Profits for the quarter, year-over-year, were down overall — $244 million (98 cents/share), compared with $277 million ($1.05) — for the second quarter in 2007.
While its results from its California utilities, pipelines, storage and independent generation businesses were all improved from the second quarter last year, this was the first earnings report under Sempra’s new $3.3 billion joint-venture commodities business — RBS Sempra Commodities (see Daily GPI, April 2). Under the RBS partnership, Sempra has reduced ownership in its energy trading unit, but has less risk and more access to a greater number of global deals due to the worldwide reach of the Royal Bank of Scotland (RBS), the company said.

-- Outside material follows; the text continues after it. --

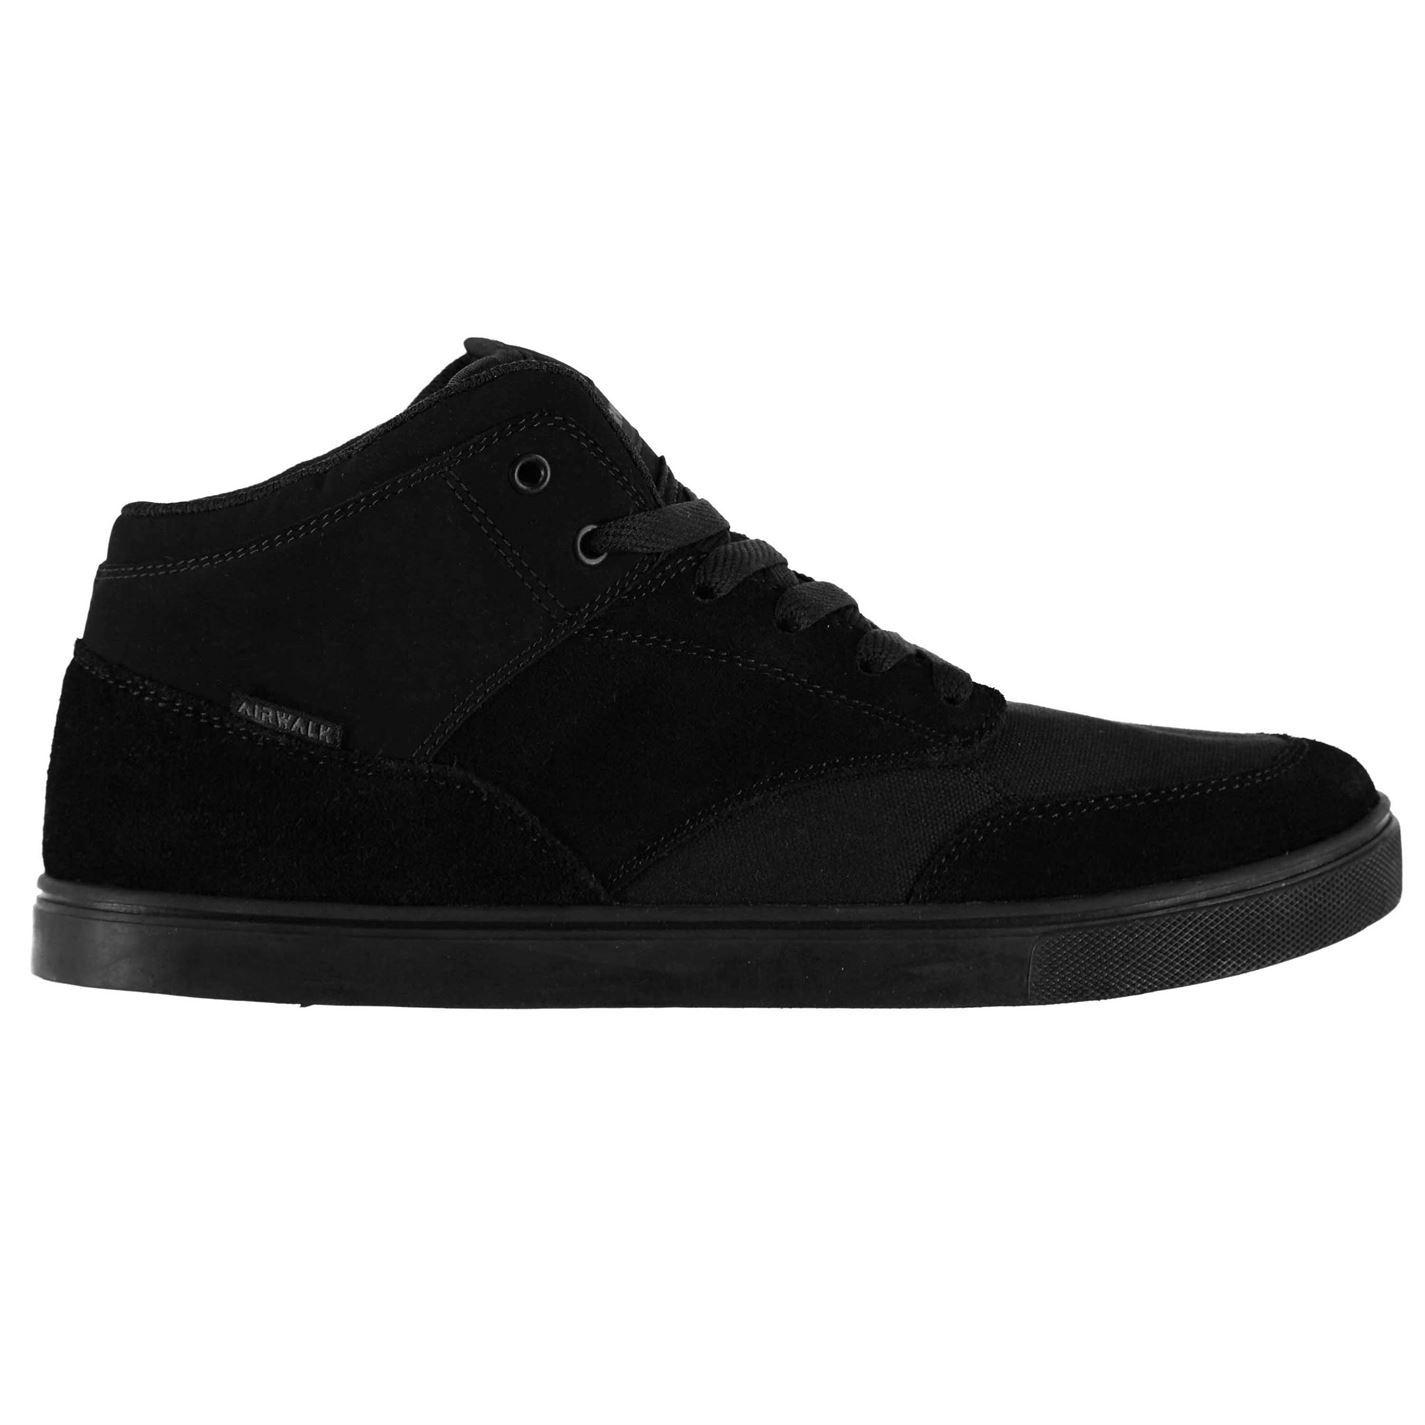 Airwalk Breaker Mid Skate Shoes Mens

Closing the energy trading joint venture was one of several “uncertainties” hanging over Sempra at the beginning of 2008 that have now been resolved, said Felsinger. He listed additional milestones as the general rate case decision for the California utilities that came July 31 from the state regulatory commission and the extension of the Rockies Express Pipeline (REX), which is now flowing 1.5 Bcf/d east.
“The strong results we saw this quarter were driven primarily by natural gas and power,” Felsinger said. “But another key result we are seeing is increased ‘deal-flow’ [due to the RBS joint venture], coming from both new customers and new areas of business. At the moment we have a pipeline to about 50 large deals pending, many of which combine customer needs for financing with their need to hedge some form of commodity risk exposure. These are exactly the types of deals we were targeting by partnering with RBS.”
On the recently announced pending $510 million Gulf of Mexico-based gas storage/utility acquisition of EnergySouth, Felsinger indicated that at least 40 Bcf of the potential 57 Bcf storage capacity in separate Alabama and Mississippi gas storage development will be commercially available by the end of 2011. For the two fields — Bay Gas Storage and Mississippi Hub — there is about 20 Bcf of capacity already under contract.
The Bay Gas Storage facility plans to expand to 27 Bcf of total capacity; it currently has 11.4 Bcf of working capacity that is fully contracted, and another 5 Bcf is 92% contracted and under construction with a scheduled start date in the first quarter of 2010. Mississippi Hub eventually will grow to 30 Bcf capacity, and its first 6 Bcf phase is under construction with 4 Bcf of that capacity already under contract.
Sempra plans to operate the 93,000-customer gas distribution utility in Alabama, Mobile Gas Service Corp., that it acquired with the storage field deal, said Felsinger. He did not say when Sempra might consider either selling or adding to the utility assets in the Gulf region.
Noting that Sempra intends to expand its footprint in the Gulf region, Felsinger said the EnergySouth deal “allows [it] to better serve key markets in the Southeast where gas demand outpaces the national average, and the new assets complement existing assets in the region and position us for growth.”
Felsinger talked about some continuing uncertainties amidst ongoing successes in Sempra’s investments in REX and various liquefied natural gas (LNG) projects, including rising costs (estimated at $5.6 billion overall) for REX with all of its expansions and uncontracted for capacity at its Cameron (LA) LNG terminal that is nearing the end of construction and ready for commercial operations next year.
“There have been a number of things that have gone well with this [REX] project, but the challenge of late has been cost increases on the eastern-most segments of the pipeline due primarily to labor cost escalations and changes in the preferred route,” Felsinger said. “Even with the cost increases, when REX is fully operational, we’ll have around $650 million of equity and be receiving dividends each year of about $70-80 million.”